The certificate is allowed to bind multiple IP addresses to a single public value to accommodate cases where a single IP node has multiple IP addresses. The SEQUENCE OF construct in a DN readily allows for this. What is needed is an OBJECT IDENTIFIER for an AttributeType specifying an IP address. This is defined here as,

ipAddress ATTRIBUTE   WITH ATTRIBUTE-SYNTAX
PrintableString (SIZE(1..nh-ipAddress))
::= {ipsec-odd 1}    — Need to register this XXX
The DN in the certificate can contain multiple

of these by iterating on the SEQUENCE OF construct of the Relative Distinguished Name Sequence.

The Printable string contains either the hexadecimal representation or standard dot notation representation of an IP address.

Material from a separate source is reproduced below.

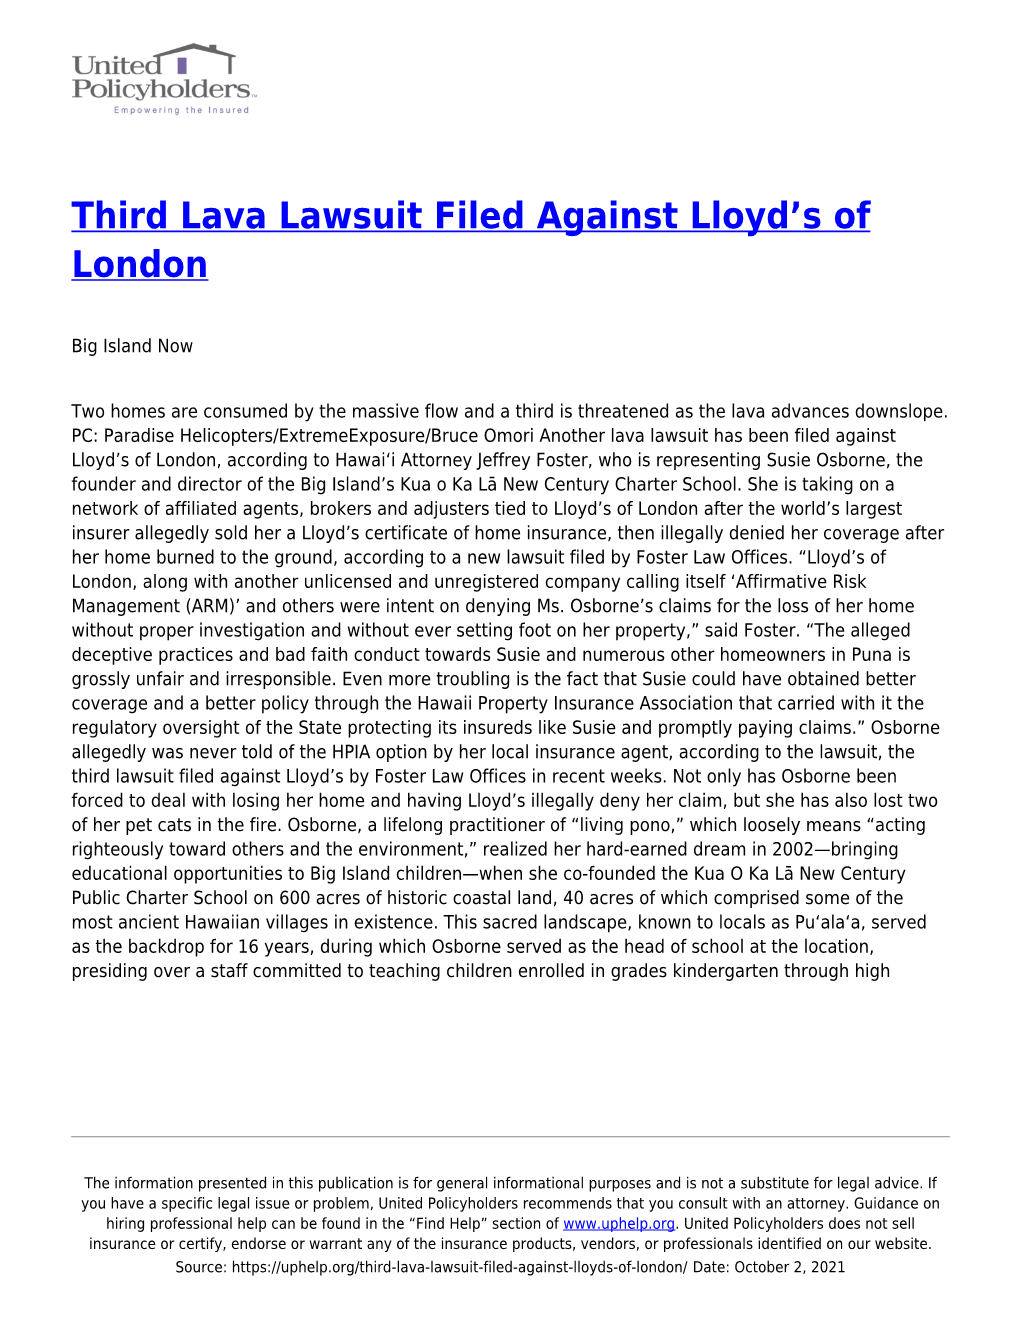 Third Lava Lawsuit Filed Against Lloyd's of London

5.3 Encoding of an Authorization Certificate

An authorization certificate is associated with each CA below the PCA level. The authorization certificate in effect entitles a CA to bind IP addresses to DH public keys.

6.0 Conclusions

We have described a scheme, Simple Key-Management for Internet Protocols (SKIP) that is particularly well suited to connectionless datagram protocols like IP and its replacement candidate SIPP. Both the protocol and computational overheads of this scheme are relatively low. In-band signalled keys incur the length overhead of the block size of a shared-key cipher. Also, setting and changing packet encrypting keys involves only a shared-key cipher operation. Yet the scheme has the scalability and robustness of a public-key certificate based infrastructure.

A major advantage of this scheme is that establishing and changing packet encrypting keys requires no communication between sending and receiving nodes and no establishment of a pseudo-session state between the two sides is required.

In many ways the key-management scheme here has structural similarities with the scheme used by PEM [1]. Both use the concept of an inter-change key (in our case that is the pair keys Kij) and data encrypting keys (the packet encryption keys Kp). By using the Implicit shared secret property of long-term DH public values, and treating the resulting keys as keys for a SKCS, we have reduced the protocol overhead substantially as compared to the overhead of PEM when used in conjunction with an asymmetric key-management system.

We have also described how this scheme may be used in conjunction with datagram multicast protocols, allowing a single encrypted datagram to be multicast to all the receiving nodes.

References

• [1] IETF PEM RFCs 1421-1424
• [2] A. Aziz, W. Diffie, “Privacy and Authentication for Wireless LANs”, IEEE Personal Communications, Feb 1994.
• [3] W. Diffie, M. Wiener, P. Oorschot, “Authentication and Authenticated Key Exchanges”, in Designs Codes and Cryptography, Kluwer Academic Publishers, 1991.
• [4] W. Diffie, M. Hellman, “New Directions in Cryptography”, IEEE Transactions on Information Theory
• [5] S. Deering, “IP Multicast”, Ref needed
• [6] S. Kent, “Certificate Based Key Management,” RFC 1422 for PEM
• [7] “Public Key Cryptography Standards” 1-10 from RSA Data Security Inc., Redwood City, Calif.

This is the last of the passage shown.